Digital Human Tech Upgrade: Performance Breakthrough with Python & WebRTC

In our project, we successfully migrated the audio-video processing functionality from Java to Python. This transformation significantly optimized the entire system architecture, particularly in video streaming. One of the most crucial improvements was transitioning from the WebSocket protocol to WebRTC, achieving more efficient, low-latency audio-video data transmission. Additionally, by loading all audio and image data directly into memory, we eliminated disk I/O operations, marking a revolutionary improvement for systems requiring high real-time performance.

1. Framework Refactoring

1.1 Challenges and Solutions in Java to Python Migration

During the migration of audio-video processing from Java to Python, we encountered several technical challenges, particularly regarding performance optimization and library support differences. While Java offers robust support for audio-video processing, we chose Python for its greater flexibility in handling high concurrency, data processing, and integration with WebRTC. Python’s coroutines and asynchronous programming model (asyncio) significantly simplified our real-time data stream management, especially for meeting real-time requirements in audio-video processing.

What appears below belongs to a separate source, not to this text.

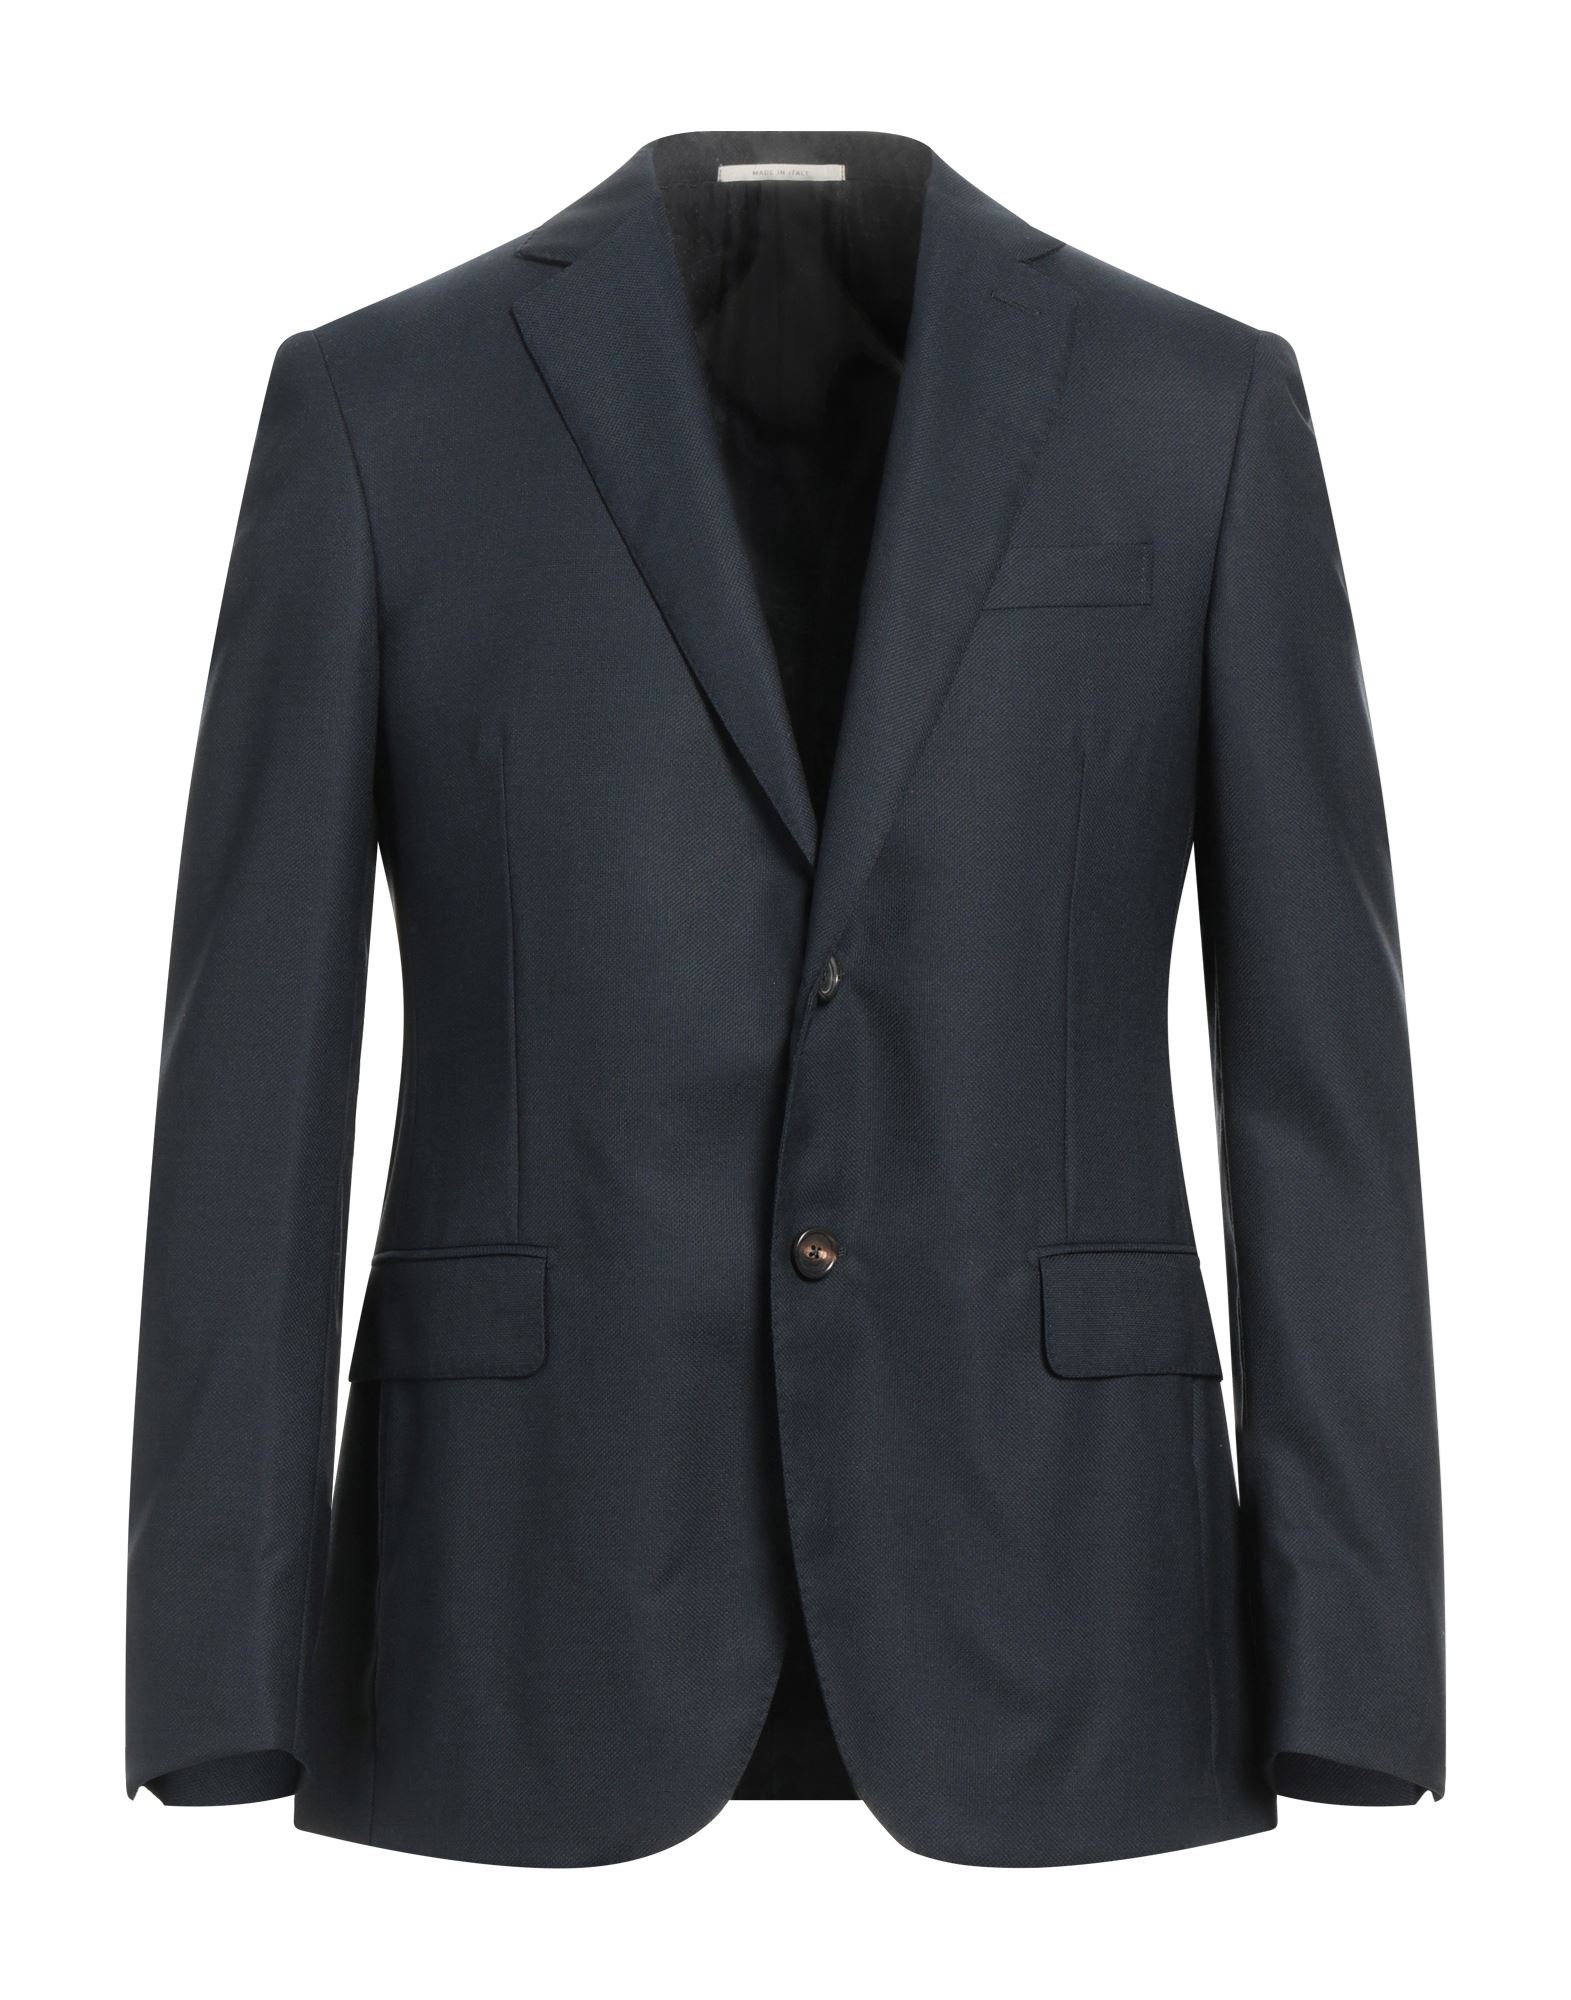 PAL ZILERI Suit jackets | Smart Closet

During migration, we focused particularly on how to manage audio and video data processing more efficiently in Python. By loading all data into memory to avoid disk I/O operations, we reduced latency from filesystem interactions. Although Python’s multithreading and multiprocessing support differs slightly from Java’s, proper thread pool and asynchronous programming designs ensured full system performance.

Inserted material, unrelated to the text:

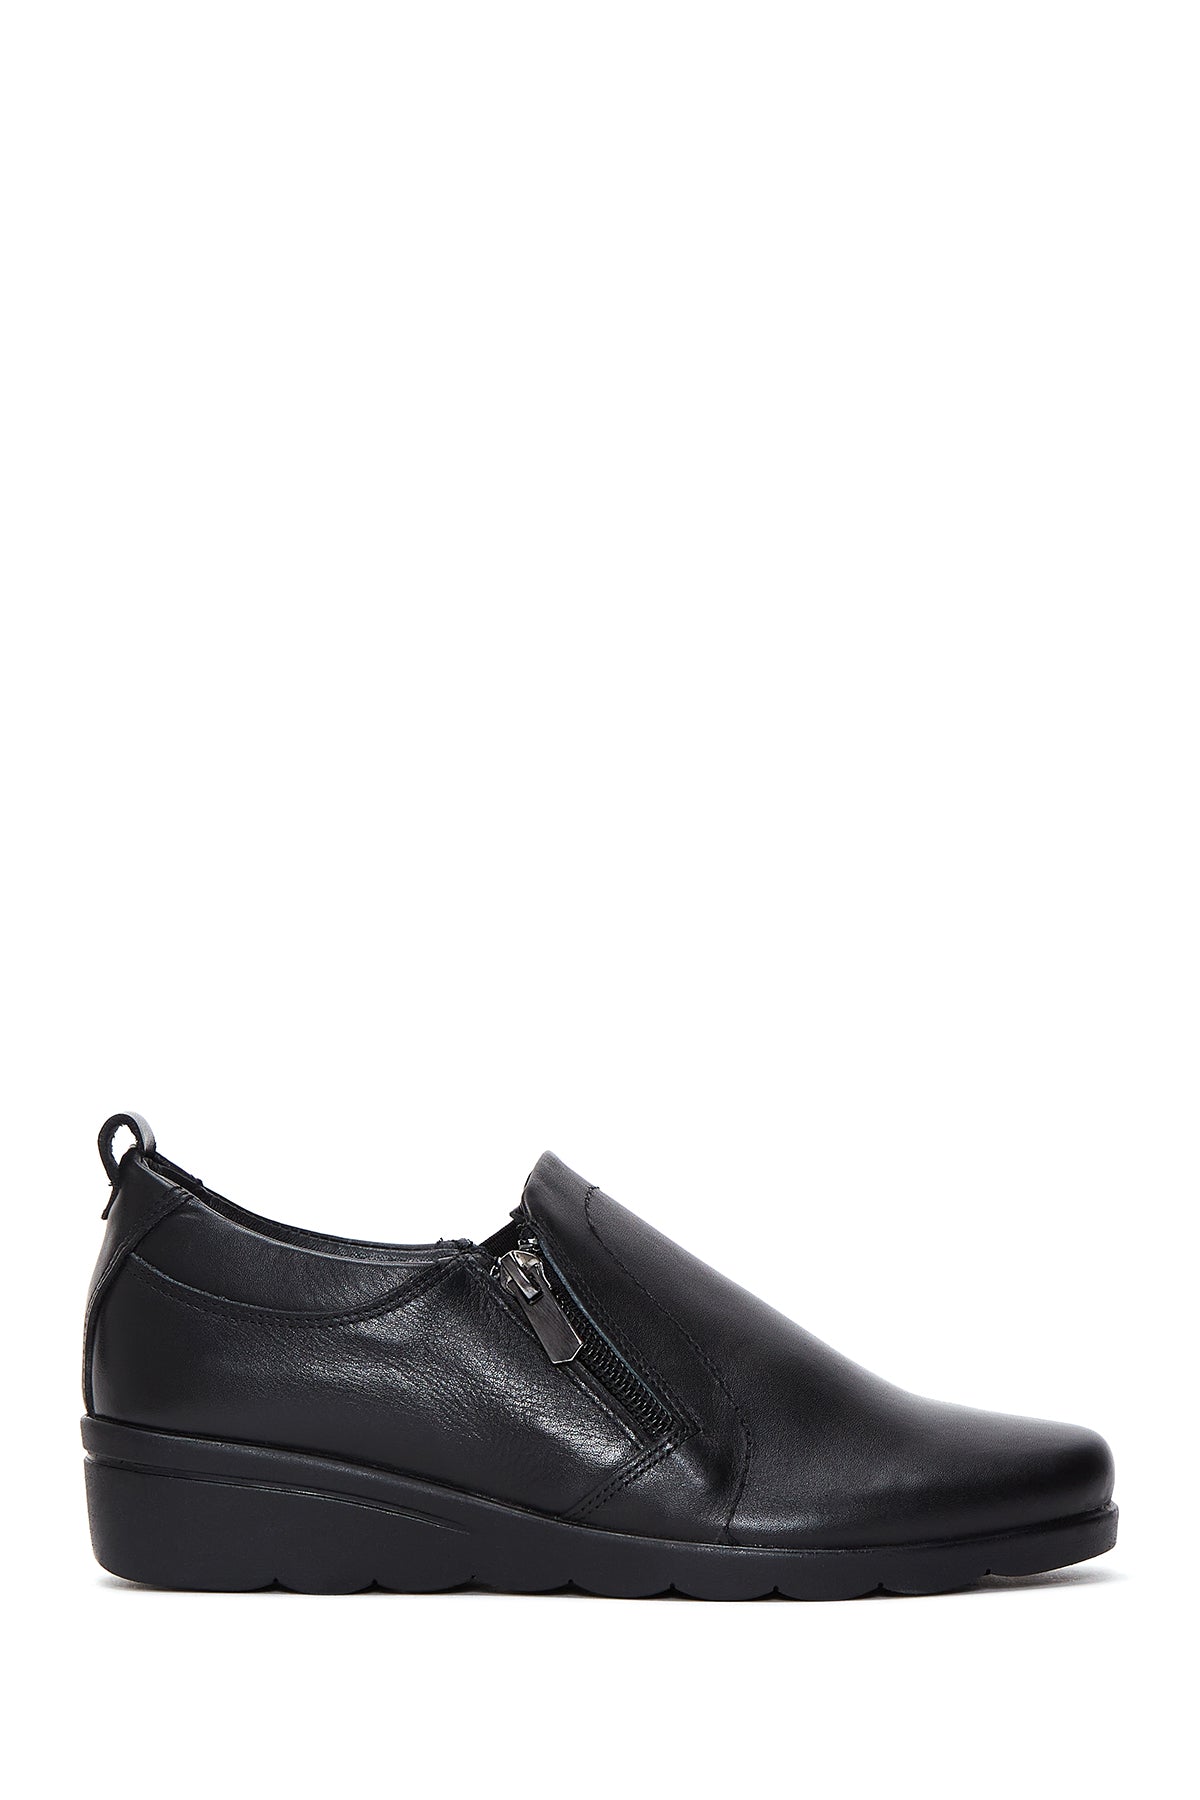 Kadın Siyah Deri Dolgu Topuklu Comfort Ayakkabı 23WFD410518 | Derimod

1.2 WebRTC vs WebSocket: Why Choose WebRTC?

WebSocket was initially designed for real-time communication and was widely used in our previous audio-video streaming architecture. However, as audio-video data volume and real-time requirements increased, we observed that WebSocket introduced significant latency during audio-video streaming, particularly in poor network conditions where it couldn’t guarantee real-time performance or multi-stream synchronization.

Compared to WebSocket, WebRTC is specifically designed for low-latency, high-quality audio-video communication, maintaining stable connections even in complex network conditions. WebRTC incorporates built-in fault tolerance mechanisms for network jitter, packet loss, and latency, supporting more efficient data transmission – making it ideal for real-time audio-video applications. Therefore, we decided to replace WebSocket with WebRTC to ensure smooth audio-video streaming with minimal latency.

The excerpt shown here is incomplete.